Salvador Dali, Angel, 1950 |
Palavras dirigidas ao anjo dos efésios,
ao que vela dia noite sobre os ombros dos homens
e na sombra da árvore inscreve um incêndio:
fogo de palha, combustão de luz,
a labareda tecida com o feroz fio do esquecimento.
Anjo de asas recurvas e braço erguido
refrigério das praias banhadas pelo mar da memória.
Eu sou Aquele que em sua dextra ergue as sete estrelas
e nos céus componho uma constelação.
De noite, os homens olham-na
e na geometria do olhar suspeitam
a linha do horizonte, a luz estelar da minha face.
Escutam-me os passos perdidos
entre o azul da Terra e a alucinação do âmbar.
Olho do fundo do coração e vejo o mundo crescer,
a formiga lavra a poeira das tardes, as noites azotadas,
os dias feridos pelos tambores da morte.
Trabalhaste a dor insinuada na pele,
cresceste em cidades de mármore e escuridão.

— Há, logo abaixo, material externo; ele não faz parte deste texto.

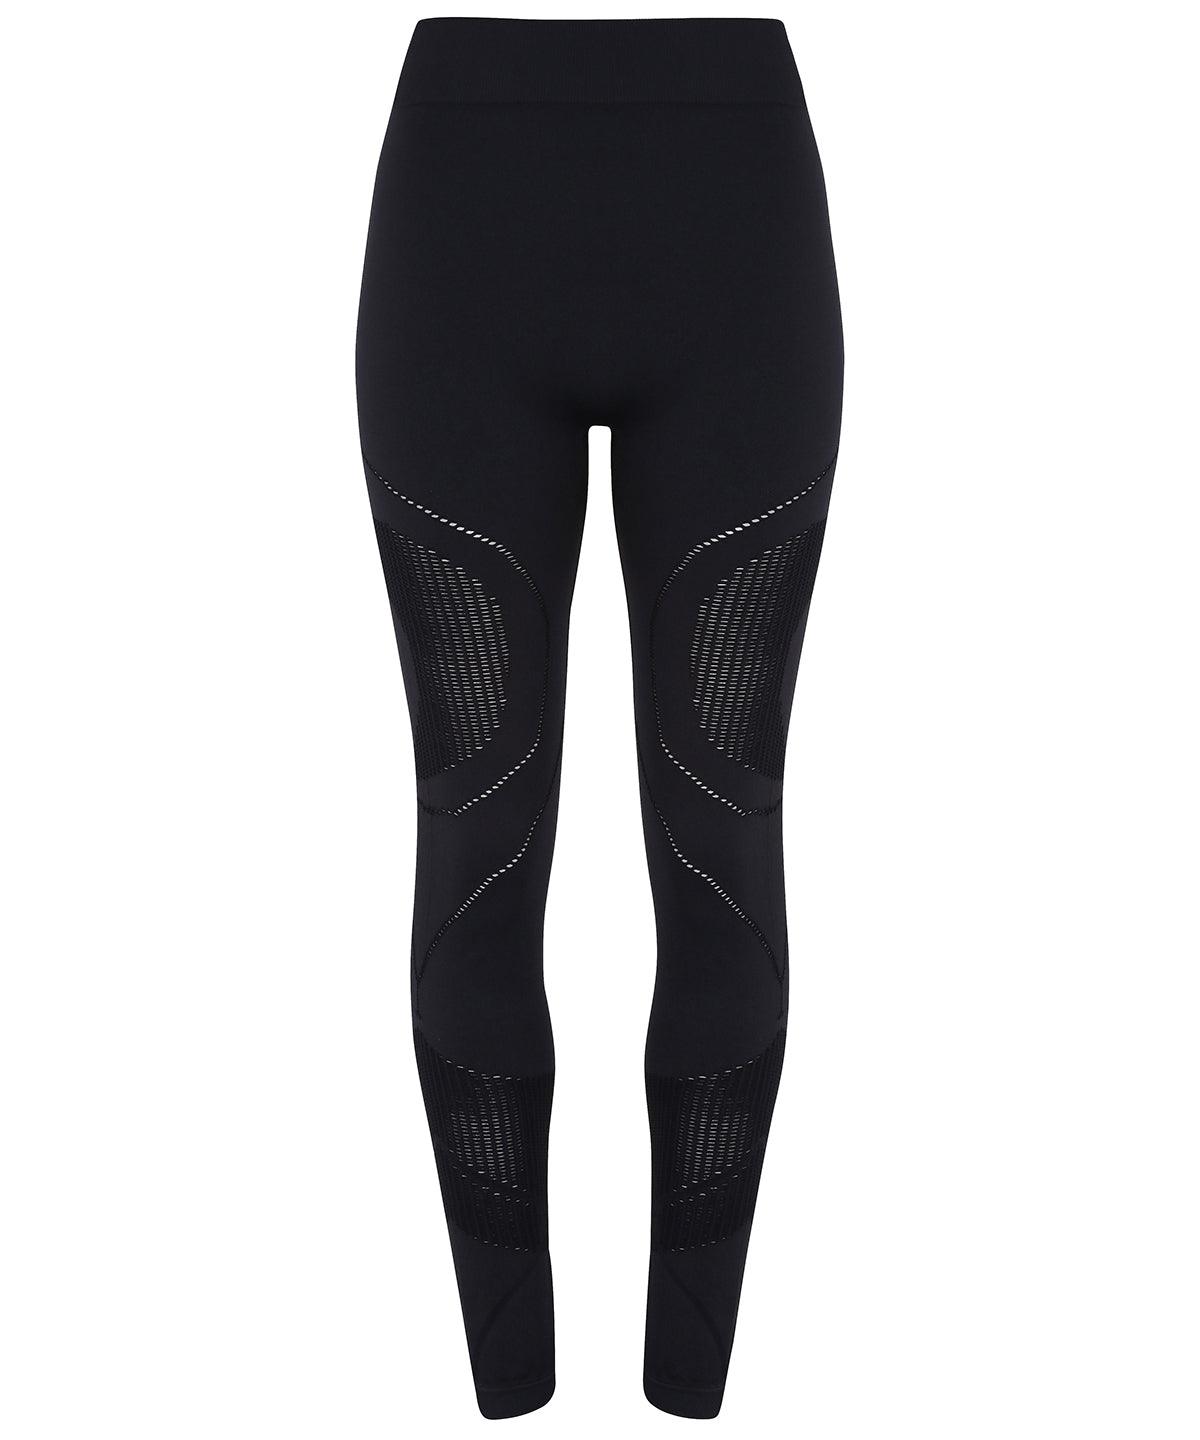 Black - Women's TriDri® seamless '3D fit' multi-sport reveal leggings Leggings TriDri® Athleisurewear, Back to Fitness, Co-ords, Exclusives, Leggings, Must Haves, On-Trend Activewear, Rebrandable, Trousers & Shorts Schoolwear Centres

Como um insecto poisado na carnação do fruto
abraçaste o nome tão breve que trazes em ti.
Dentro do peito abriu-se um muro, uma paisagem
toldada pelo nevoeiro. Embaciado, entregaste o fulgor
à transfiguração da tarde e nela construíste casa de colmo,
morada sombria de silêncio na rua da verdade,
o castelo de muralhas incendiadas pelo lume da guerra.
Envelheces e a cor dos dias de festa
perde-se na areia desmaiada sob o sol da solidão.
Abre o peito à minúcia do gesto,
deixa correr como um rio o orvalho e o sangue.
Ao arderem, as ruas entregam a úlcera das casas
ao martelo de mármore, à carne salgada,
às asas recurvas do anjo dos efésios.
Um sulco de seiva na penumbra do pólen,
a abelha deliba o fogo no cálice da vida.